A number of important laws are not elaborated upon in the Mishnah. These include the laws of tzitzit, tefillin (phylacteries), mezuzah, the holiday of Hanukkah, and the laws of gerim (converts). These were later discussed in the minor tractates.
Rabbi Nissim Gaon in his Hakdamah Le'mafteach Hatalmud writes that many of these laws were so well known that it was unnecessary for Rabbi to discuss them. Reuvein Margolies suggests that as the Mishnah was redacted after the Bar Kochba revolt, Rabbi could not have included discussion of Hanukkah which commemorates the Jewish revolt against the Syrian-Greeks (the Romans would not have tolerated this overt nationalism). Similarly, there were then several decrees in place aimed at suppressing outward signs of national identity, including decrees against wearing tefillin and tzitzit; as Conversion to Judaism was against Roman law, Rabbi would not have discussed this.[8]
David Zvi Hoffman suggests that there existed ancient texts in the form of the present day Shulchan Aruch that discussed the basic laws of day to day living and it was therefore not necessary to focus on these laws in the Mishnah.

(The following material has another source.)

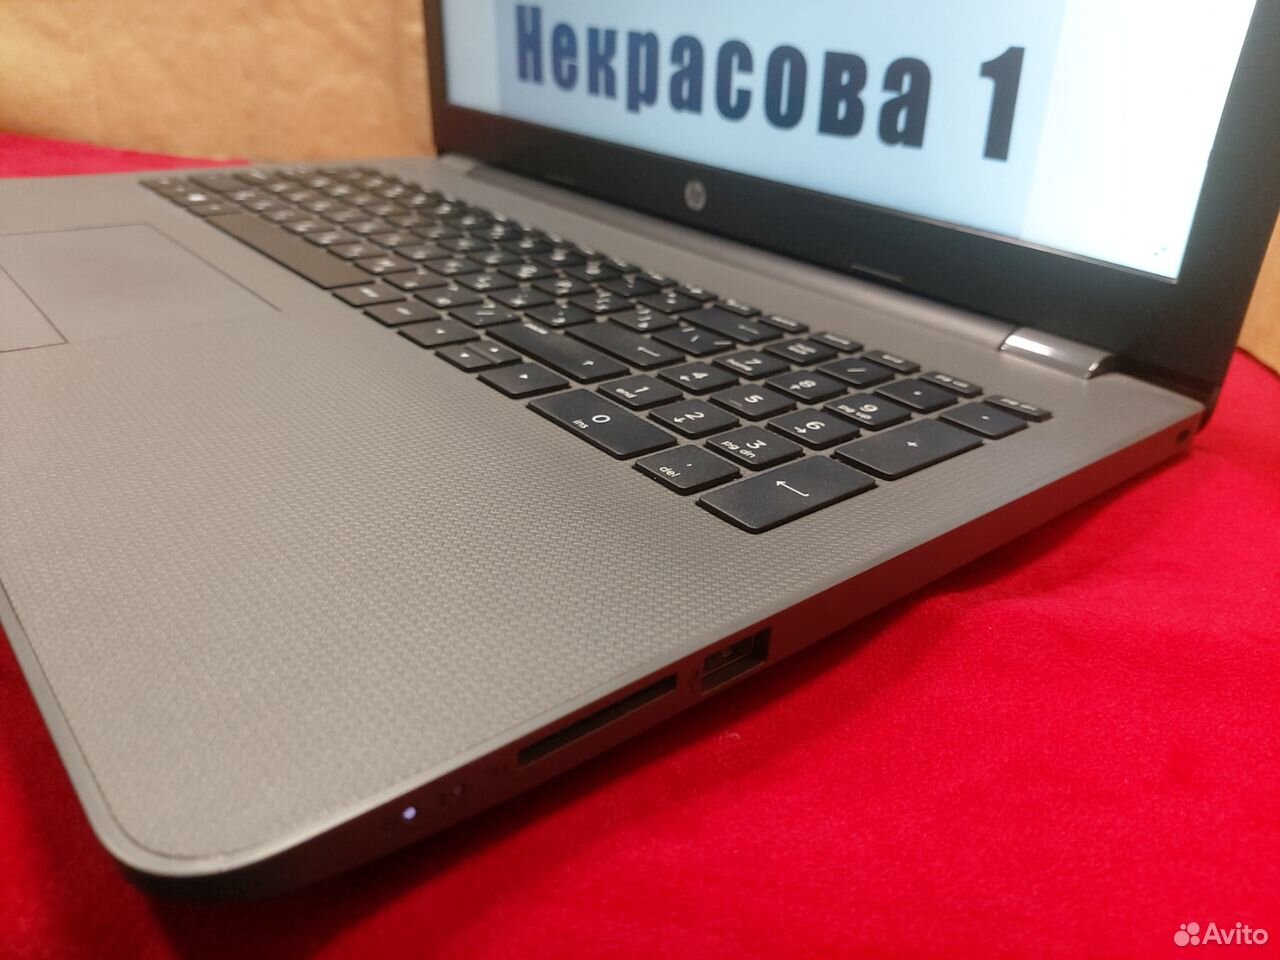 Ноутбук HP для работы и развлечений (Н1) 89061926457 купить 4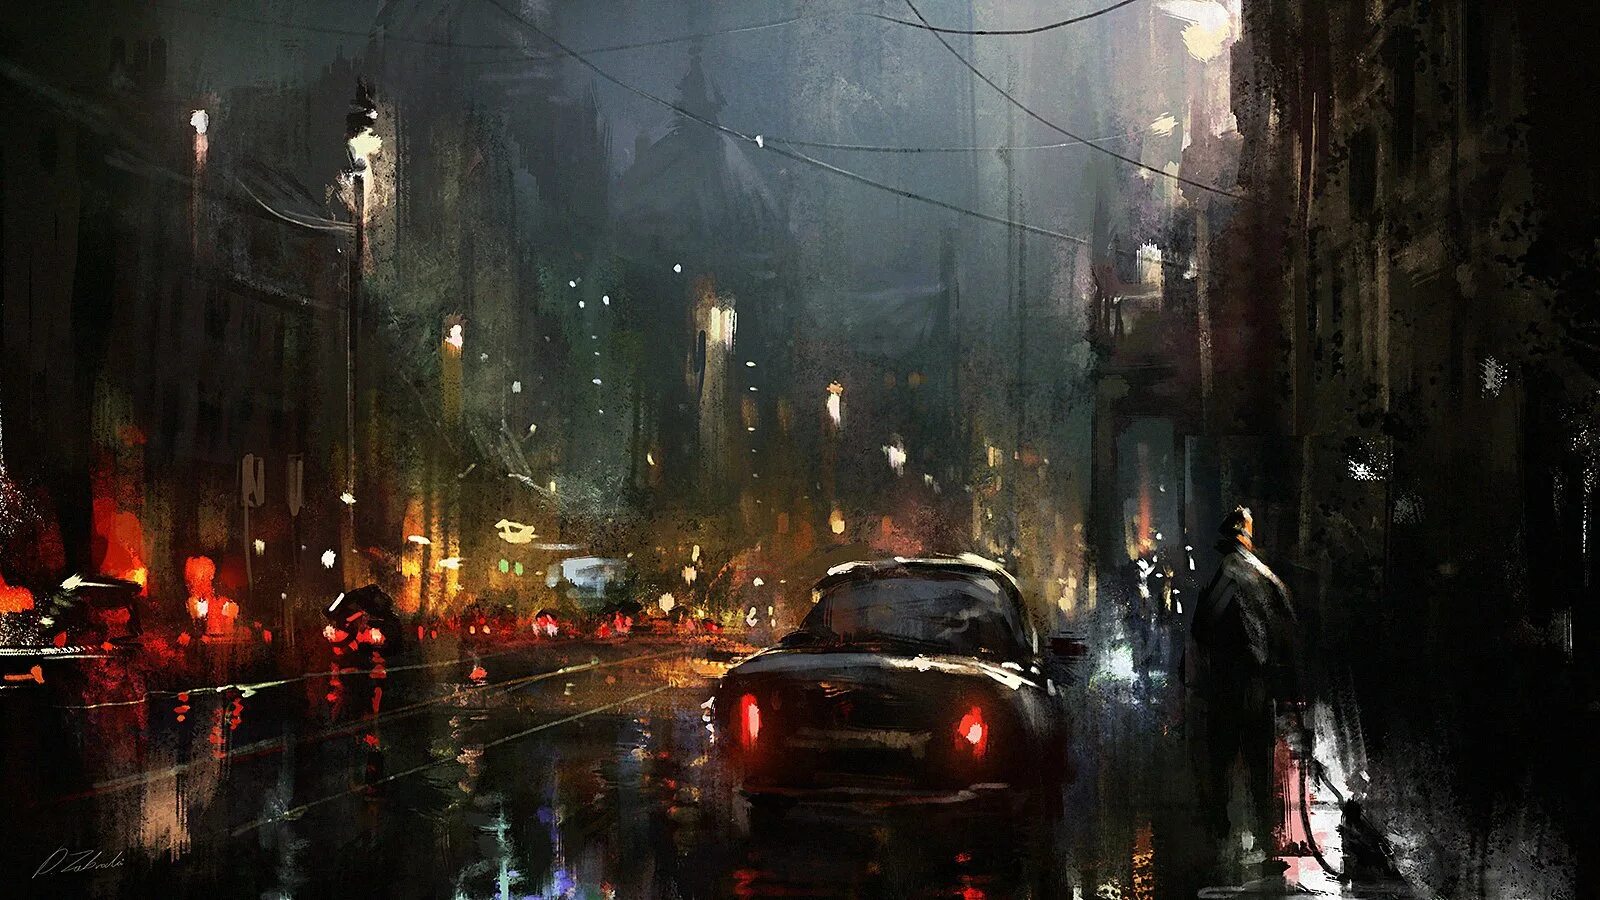 Rain town. Darek Zabrocki художник. Дерек Заброцкий арты. Дождливый город. Мрачный городской пейзаж.

The Mishnah does not claim to be the development of new laws, but merely the collection of existing oral laws, traditions and traditional wisdom. The rabbis who contributed to the Mishnah are known as the Tannaim, of whom approximately 120 are known. The period during which the Mishnah was assembled spanned about 130 years, and five generations.
Most of the Mishnah is related without attribution (stam). This usually indicates that many sages taught so, or that Judah haNasi (often called "Rabbi") who redacted the Mishnah together with his academy/court ruled so. The halakhic ruling usually follows that view. Sometimes, however, it appears to be the opinion of a single sage, and the view of the sages collectively (Hebrew: חכמים, hachamim) is given separately.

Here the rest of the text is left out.